Australian Centre for Precision Health, UniSA Clinical and Health Sciences, University of South Australia, Adelaide, Australia.
Computational Learning Systems Laboratory, UniSA STEM, University of South Australia, Mawson Lakes, Australia.
Sci Rep. 2021 Nov 26;11(1):22997. doi: 10.1038/s41598-021-02476-9.
We present a simple and efficient hypothesis-free machine learning pipeline for risk factor discovery that accounts for non-linearity and interaction in large biomedical databases with minimal variable pre-processing. In this study, mortality models were built using gradient boosting decision trees (GBDT) and important predictors were identified using a Shapley values-based feature attribution method, SHAP values. Cox models controlled for false discovery rate were used for confounder adjustment, interpretability, and further validation. The pipeline was tested using information from 502,506 UK Biobank participants, aged 37-73 years at recruitment and followed over seven years for mortality registrations. From the 11,639 predictors included in GBDT, 193 potential risk factors had SHAP values ≥ 0.05, passed the correlation test, and were selected for further modelling. Of the total variable importance summed up, 60% was directly health related, and baseline characteristics, sociodemographics, and lifestyle factors each contributed about 10%. Cox models adjusted for baseline characteristics, showed evidence for an association with mortality for 166 out of the 193 predictors. These included mostly well-known risk factors (e.g., age, sex, ethnicity, education, material deprivation, smoking, physical activity, self-rated health, BMI, and many disease outcomes). For 19 predictors we saw evidence for an association in the unadjusted but not adjusted analyses, suggesting bias by confounding. Our GBDT-SHAP pipeline was able to identify relevant predictors 'hidden' within thousands of variables, providing an efficient and pragmatic solution for the first stage of hypothesis free risk factor identification.
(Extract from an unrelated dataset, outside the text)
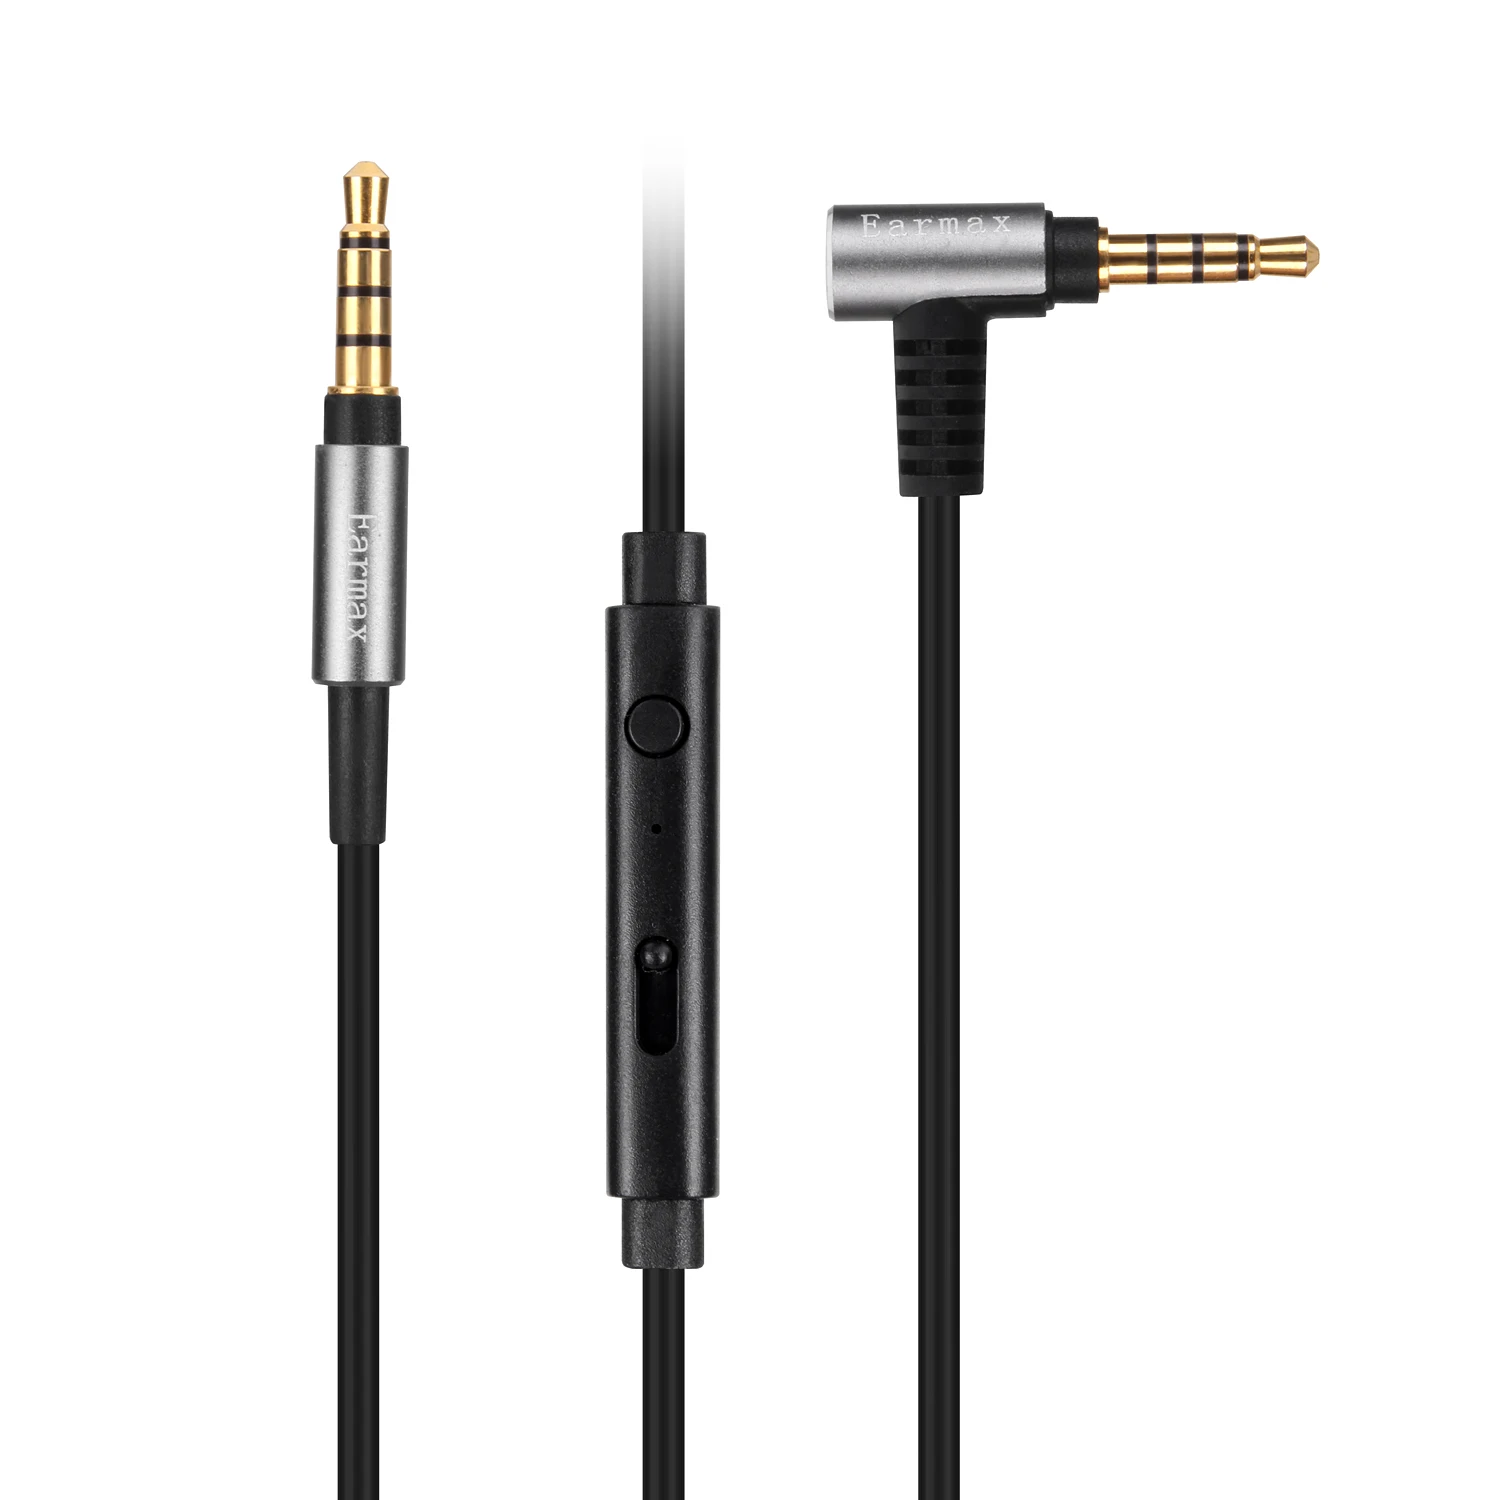 

Black OCC Audio Cable With Mic For Audio technica ATH-WS99BT WS660BT WS990BT WS1100iS ANC500BT S700BT ATH-OX5 headphones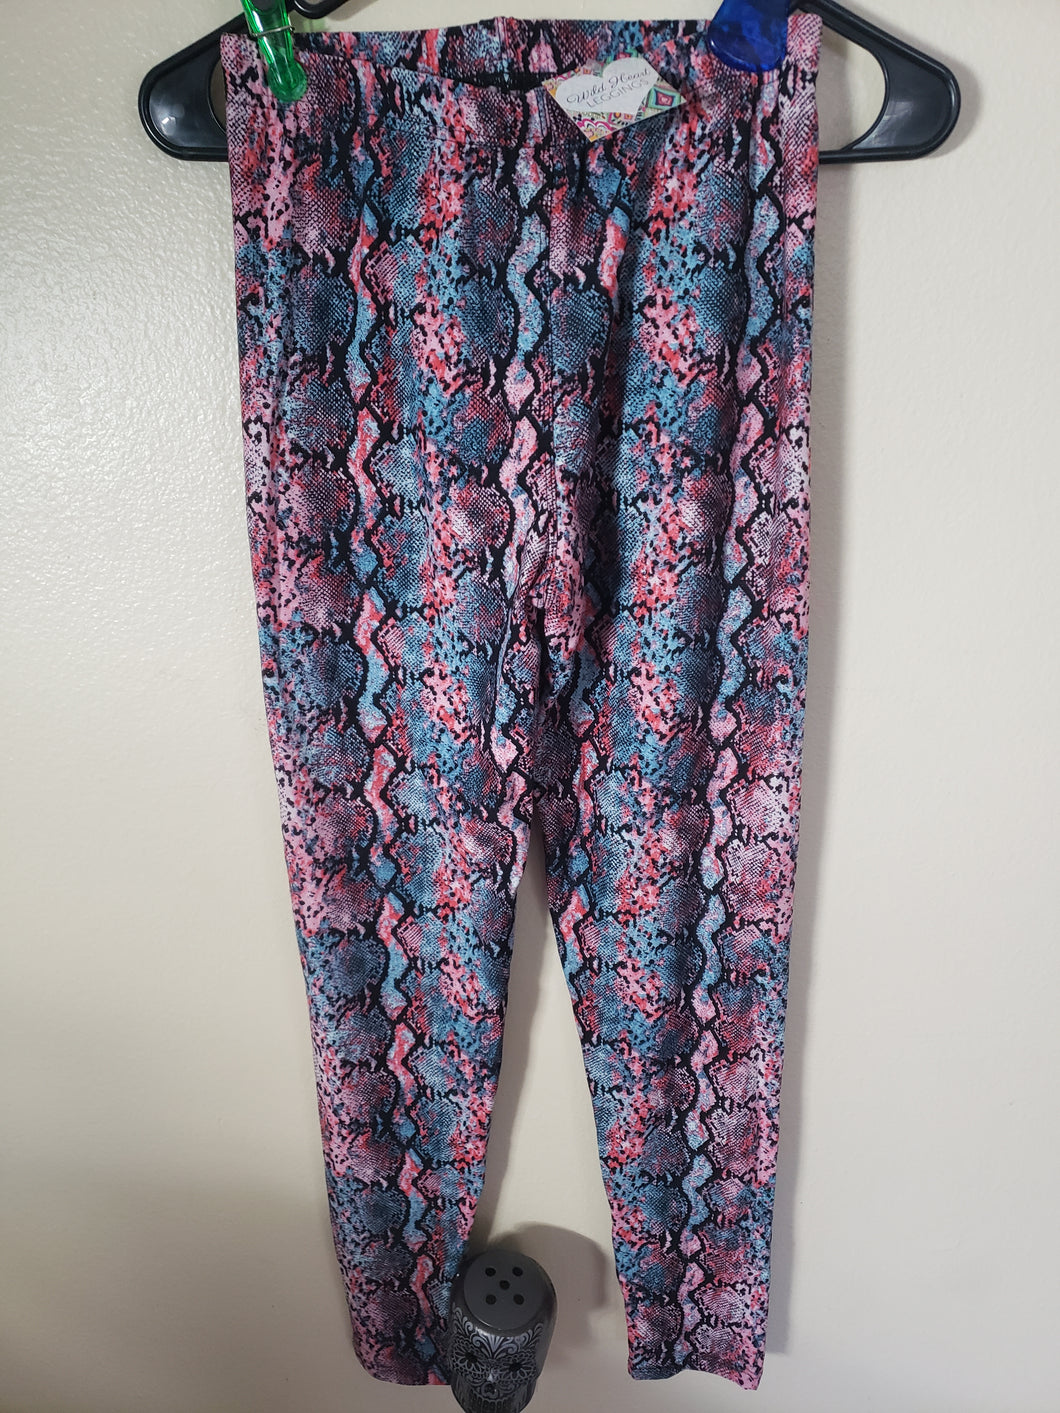 Snakeskin Multi Color Print Luxuriously Soft Leggings for Women (Size-One Size)

我们提出了一种简单而有效的机器学习管道,用于在大型生物医学数据库中发现风险因素,该管道无需进行大量的变量预处理,即可考虑非线性和交互作用。在这项研究中,使用梯度提升决策树 (GBDT) 构建了死亡率模型,并使用基于 Shapley 值的特征归因方法 (SHAP 值) 确定了重要的预测因子。使用校正了虚假发现率的 Cox 模型进行混杂因素调整、可解释性和进一步验证。该管道使用来自 502,506 名英国生物库参与者的信息进行了测试,这些参与者在招募时年龄为 37-73 岁,并在七年多的时间里进行了死亡率登记。在 GBDT 中包含的 11,639 个预测因子中,有 193 个潜在风险因素的 SHAP 值≥0.05,通过了相关性检验,并被选为进一步建模。在总变量重要性中,60%直接与健康相关,基线特征、社会人口统计学和生活方式因素各占 10%左右。调整了基线特征的 Cox 模型显示,在 193 个预测因子中有 166 个与死亡率有显著关联。其中包括大多数众所周知的风险因素(例如年龄、性别、种族、教育、物质剥夺、吸烟、身体活动、自我报告的健康状况、BMI 以及许多疾病结局)。对于 19 个预测因子,我们在未调整的分析中看到了与死亡率相关的证据,但在调整后的分析中则没有,这表明混杂因素偏倚。我们的 GBDT-SHAP 管道能够识别隐藏在数千个变量中的相关预测因子,为无假设风险因素识别的第一阶段提供了一种高效实用的解决方案。